Insurance Cost Prediction Using Regression Analysis

This analysis seeks to understand the relationship between patient variables (age, sex, number of children, smoker or not, region, etc.) and the cost to the patient that is billed by insurance. Additionally, this analysis will understand if the cost billed by insurance can be predicted using the aforementioned variables.

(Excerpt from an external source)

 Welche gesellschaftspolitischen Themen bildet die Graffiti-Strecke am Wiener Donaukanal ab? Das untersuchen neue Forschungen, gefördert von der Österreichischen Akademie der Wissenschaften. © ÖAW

Load the necessary libraries and read in the data set:

# load libraries
library(dplyr)
library(ggplot2)
library(broom)
library(grid)
library(gridExtra)
library(MASS)

# read data
insurance <- read.csv('insurance.csv')

# verify data
head(insurance)

Distribution of target variable and numeric variables:

# 2 by 2 grid for plots
par(mfrow = c(2, 2))

# histogram
hist(insurance$charges,
     main='Distribution of Insurance Charges',
     xlab='Insurance Charge Amount',
     col='lightblue2'
     )

# histogram
hist(insurance$age,
     main='Distribution of Patient Age',
     xlab='Age',
     col='lightblue2'
     )

# histogram
hist(insurance$bmi,
     main='Distribution of Patient BMI',
     xlab='BMI',
     col='lightblue2'
     )

# bar chart
barplot(table(insurance$children),
        main='Distribution of Number of Children',
        xlab='Number of Children',
        col='springgreen3'
        )

The distribution of insurance charge amount is right-skewed, with a majority of charges ranging between $0 and $15,000. It may be necessary to apply a log transformation to the target variable to obtain a more normal distribution.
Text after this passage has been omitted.